Modified from flickr / Diogo Costa

My brain kept a ledger of how I’d failed those same people who’d mourn my death. Being reminded that they’d miss me layered on guilty pressure.

Content warning: Suicide, self-harm

I tried to throw myself in front of a train on my 30th birthday. It was the 1 train at 28th St. in New York, just a couple blocks from GLAAD (Gay and Lesbian Alliance Against Defamation) where I was an assistant. That was two decades ago. I came close to attempting it twice more—once in 2014 and again in 2016. I planned it for weeks, edging closer as I waited for the train to work. Felt the calm.

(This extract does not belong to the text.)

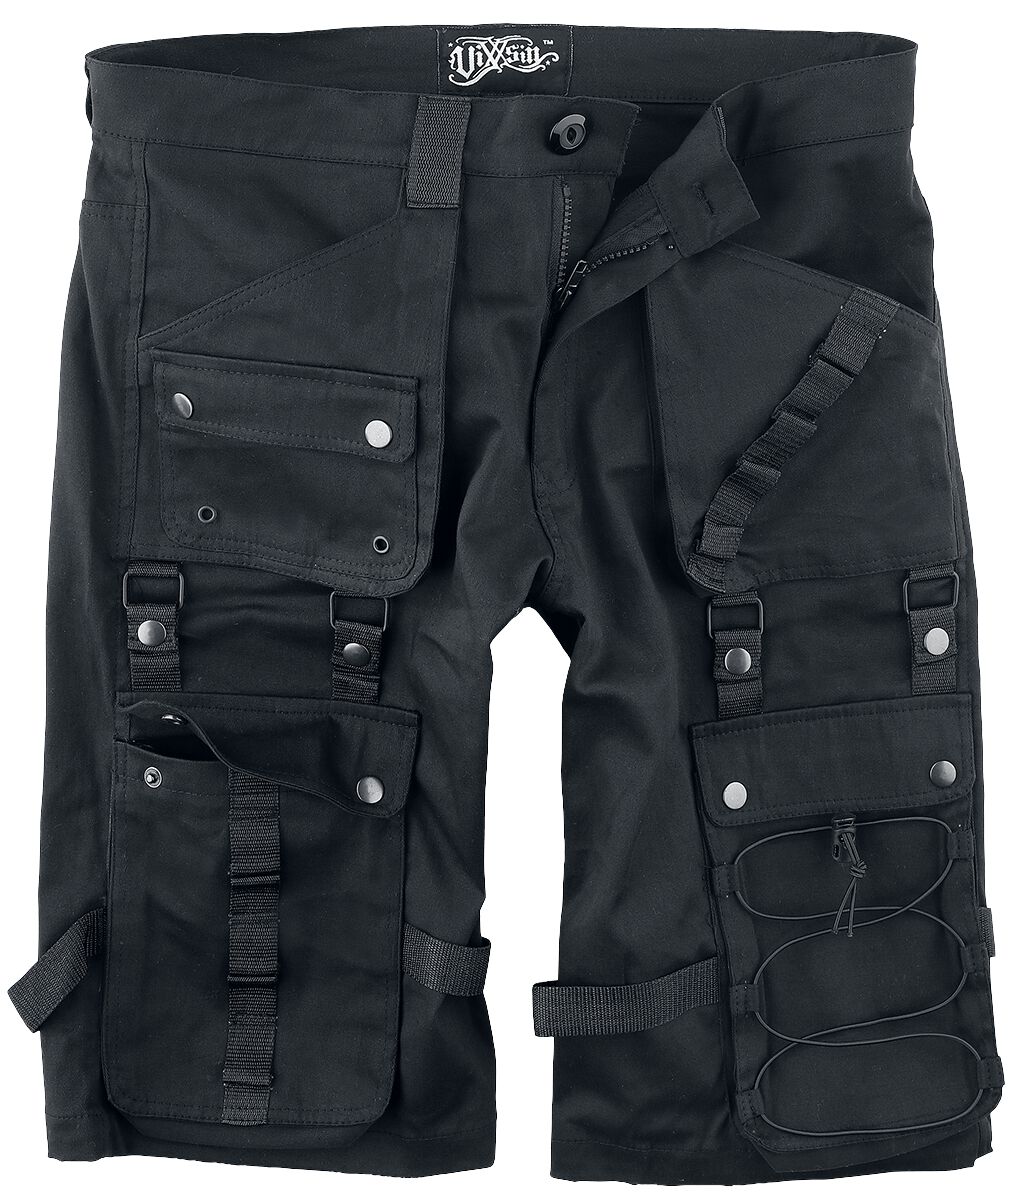 Vixxsin - Gothic Short - Lyall Shorts - 30 bis 38 - für Männer - Größe 34 - schwarz

On jump day, I’d back up when I felt the rumble, get a running start—then stop short. I spent an hour, two—time was gauzy—trying to get myself airborne. A chain kept pulling me up short, the kind that allows backyard dogs just so close to the fence. At the time I thought it was God. Maybe I was more afraid than I’d thought. Whatever.

It pissed me off. I felt like even more of a failure—I couldn’t even end myself right. I wanted to take every pill in my house, but I couldn’t do it. I was too afraid I’d end up profoundly disabled, but still here. So I punked out. That’s what I told myself. I’d landed in my own purgatory; I‘d found a way to end my pain, but lacked the confidence to follow through.

More research was needed to assure my success.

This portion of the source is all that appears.